Cellular and molecular mechanisms of NiONPs toxicity on eel hepatocytes HEPA-E1: An illustration of the impact of Ni release from mining activity in New Caledonia.

Abstract

Anthropic activities such as open pit mining, amplify the natural erosion of metals contained in the soils, particularly in New Caledonia, leading to atmospheric emission of nickel oxide nanoparticles (NiONPs). These particles are produced during extraction end up in aquatic ecosystems through deposition or leaching in the rivers. Despite alarming freshwater Ni concentrations, only few studies have focused on the cellular and molecular mechanisms of NiONPs toxicity on aquatic organisms and particularly on eels. Those fish are known to be sensitive to metal contamination, especially their liver, which is a key organ for lipid metabolism, detoxification and reproduction. The objective of this study was to assess in vitro the cytotoxic effects of NiONPs on Anguilla japonica hepatocytes, HEPA-E1. HEPA-E1 were exposed to NiONPs (0.5-5μg/cm2) for 4 or 24h.
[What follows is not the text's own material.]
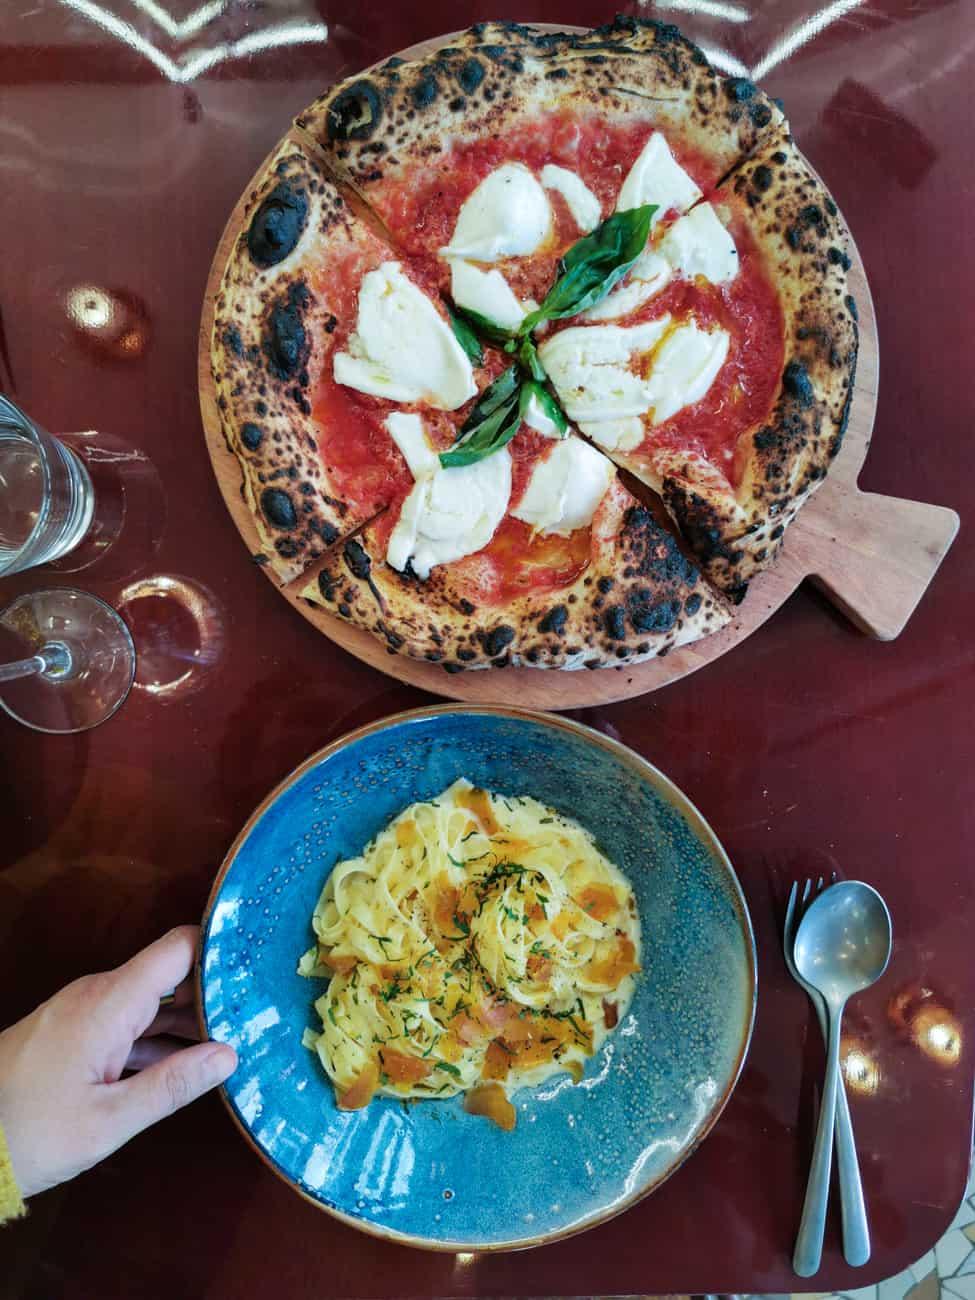 uno-restaurant-italien-pizzeria-les-halles-paris-17

Several endpoints were studied: (i) viability, (ii) ROS production, SOD activity and selected anti-oxidant genes expression, (iii) inflammation, (iv) calcium signalling, (v) mitochondrial function and (vi) apoptosis. The results evidenced that NiONPs induce a decrease of cell viability and an increase in oxidative stress with a significant superoxide anion production. An increase of mitochondrial calcium concentration and a decrease of mitochondrial membrane potential were observed, leading to apoptosis. These results underline the potential toxic impact of NiONPs on eels living in mining areas. Therefore, eel exposure to NiONPs can affect their migration and reproduction in New Caledonia.